Romans begin surging across the River Siris

Having crossed, the leves skirmishers chase off most of Pyrrhus' skirmishers/ light troops holding the opposite bank
Pyrrhus riding to engage the enemy cavalry. His forces dominated his right flank. Elephants chased off most Roman allied cav.

The dreaded Macedonian phalanx. Most leves were chased off by the more experienced peltasts.

Hastati widen the maniples and discharge pila as the Macedonians charge to throw them back into the river.
Meanwhile on the right the Thessalian cav grinds down one unit of Roman cav but is eventually defeated by the remaining unit, led by its tribune. Right flank becomes a stalemate, with the victorious Roman unit exhausted.

Back to the center, where fighting is fierce. Hastati forced to retire and the Principes take up the fight.
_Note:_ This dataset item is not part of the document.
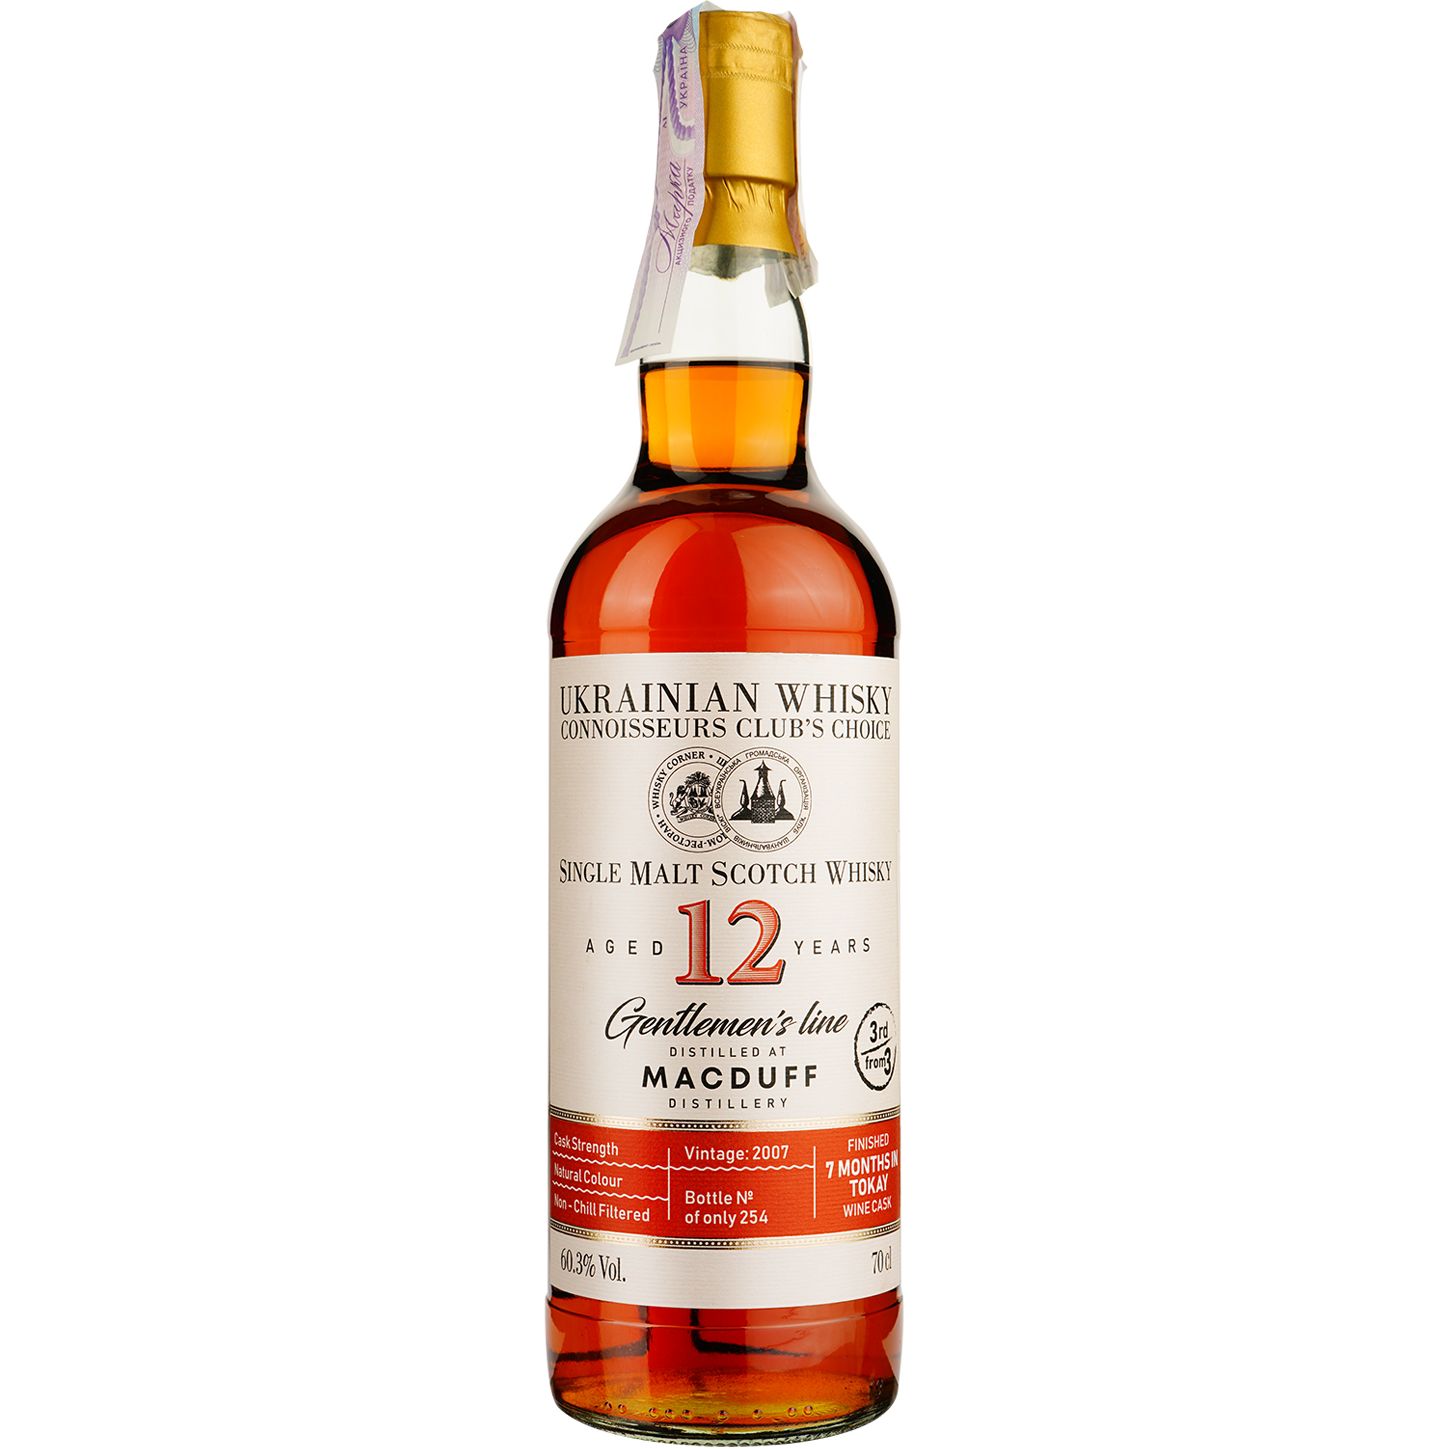 Віскі Macduff 12 Years Old Tokay Single Malt Scotch Whisky, у подарунковій упаковці, 60,3%, 0,7 л - фото 2

Armred with thrusting spears, they make more of a in impression on the Macedonians.

With Pyrrhus having cleared the Roman left flank, history is almost repeated by an elephant charge into the Roman flank...stopped at the last moment by an unnamed Italian ally who wounded the elephant, causing it to run amok back into the Cretan archers. A number of Roman units on the left were retreating.

Good pic of the battle's effective end. Romans break a pike unit and another nearby panics and flees. But with neither side having a coherent battle line, both sides retire - so a tie was declared. Though he didn't win this one, Pyrrhus at least kept the Romans at bay, so a semi-historical outcome. Roman leadership by Consul Laevinus in the middle kept this from turning into a full rout.